I can have no influence on the outcome of a game such as the one played tonight or those played last fall by the former World Champion Red Sox against their paler hose compatriots from the Windy City. I can barely influence the outcome of my son's Little League team, even as a coach. But the illusion is that if I care enough, if I care more, that somehow, we will triumph, somehow we will emerge victorious and all will be right in the world.

A friend of mine is also a Red Sox rooter and conservationist. He once remarked that the two were natural together. "If we can win the World Series, I feel like somehow we can save the world too," he said. "And it is that hope that keeps me going, that springs eternal."

Hopes are easily dashed, such as the hopes of Patriots fans everywhere tonight, whether lifers like me or of carpetbaggers from the past two seasons. Nevertheless, tonight, in Denver, Pittsburgh, Indianapolis, and Seattle and in the other cities represented by those who remain, hope still takes hold. Moreover, I am convinced that even if a little bit of that hope, that caring, transfers to the concerns of the world, we just might win the true Super Bowl of the 21st century: the very survival of our home field advantage.

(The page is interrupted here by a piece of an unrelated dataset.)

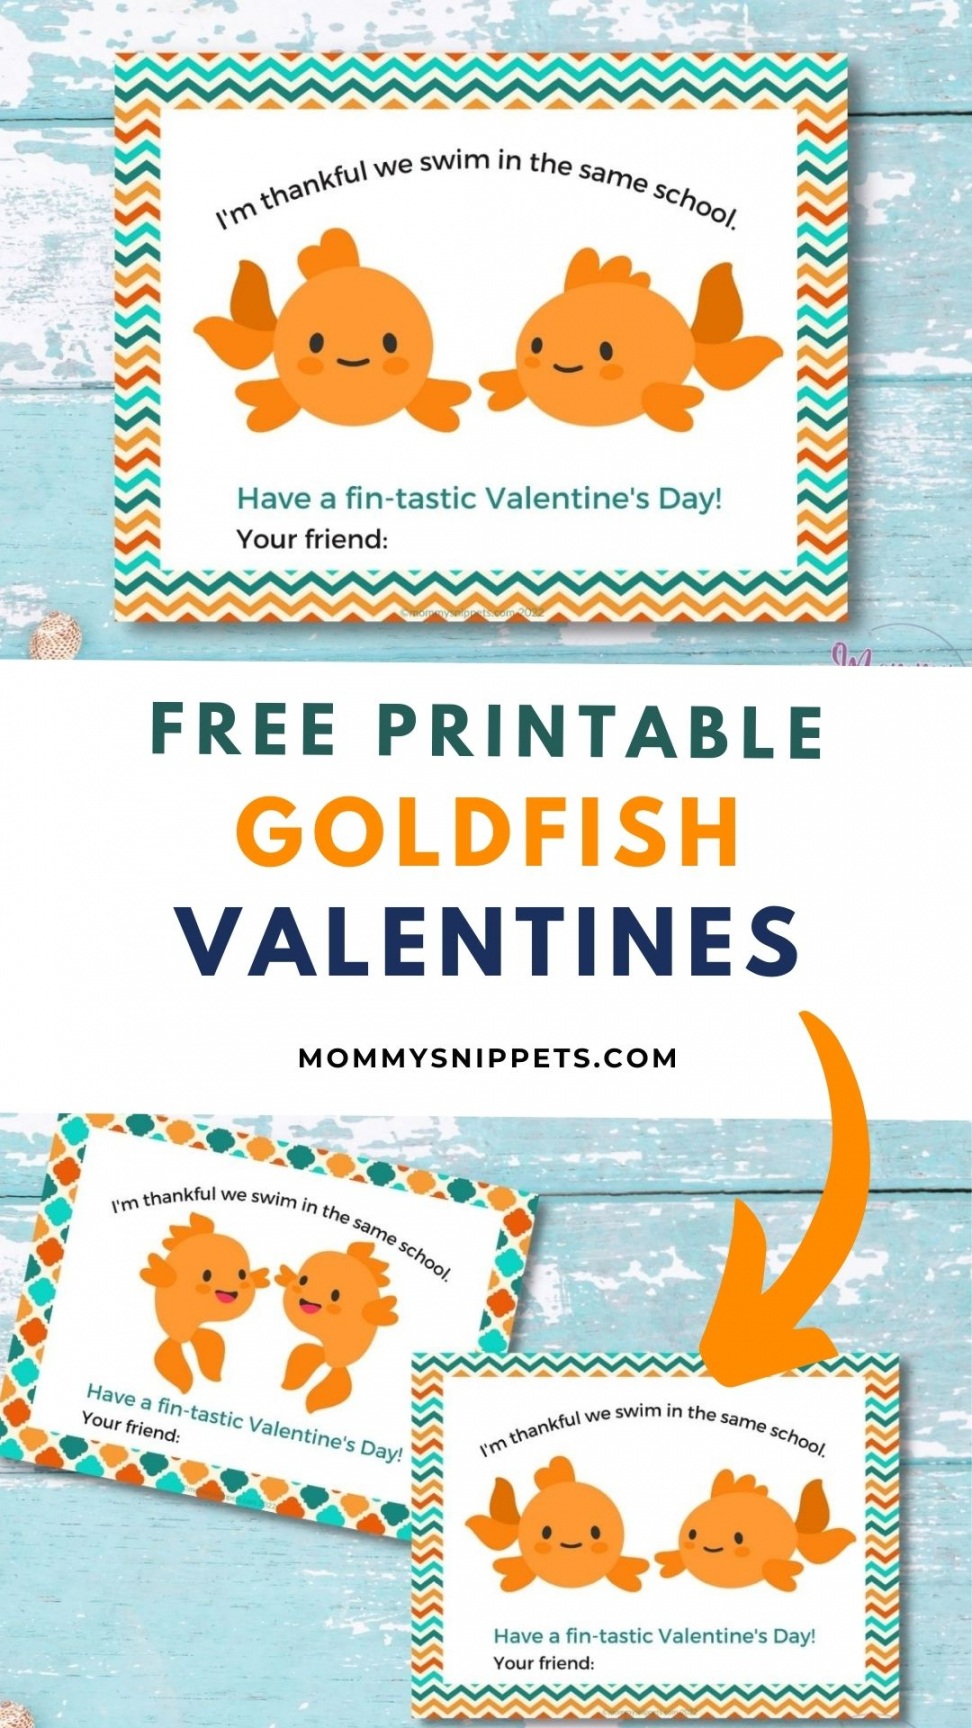 Free Printable Goldfish Valentines for Kids - Mommy Snippets - FREE Printables - Goldfish Valentine Printable Free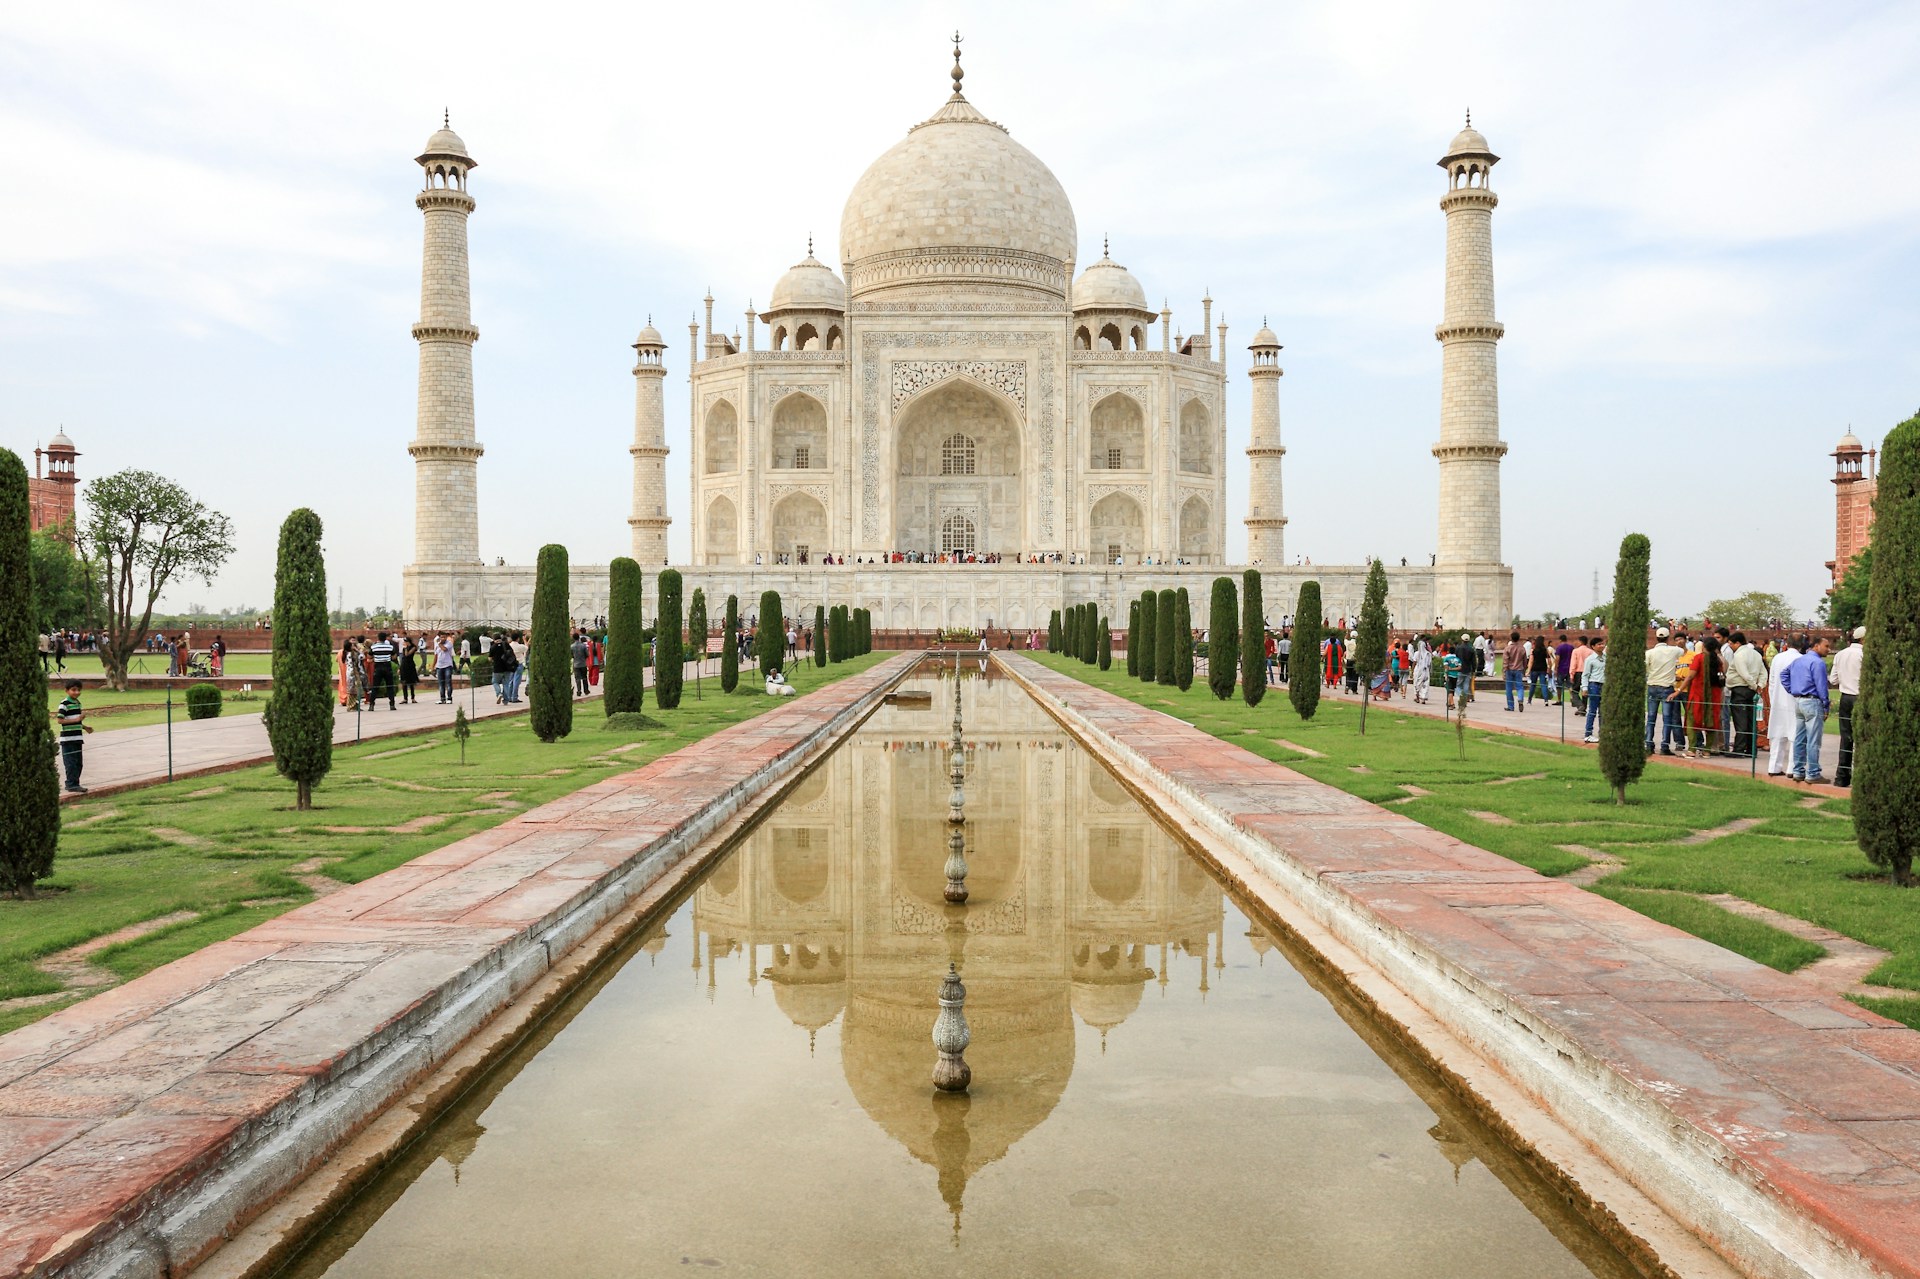 Tourist Attractions from India - Taj Mahal

I will leave you with the closing words of Bart Giamatti's essay,

Of course, there are those who learn after the first few times. They grow out of sports. And there are others who were born with the wisdom to know that nothing lasts. These are the truly tough among us, the ones who can live without illusion, or without even the hope of illusion. I am not that grown-up or up-to-date. I am a simpler creature, tied to more primitive patterns and cycles. I need to think something lasts forever, and it might as well be that state of being that is a game; it might as well be that, in a green field, in the sun.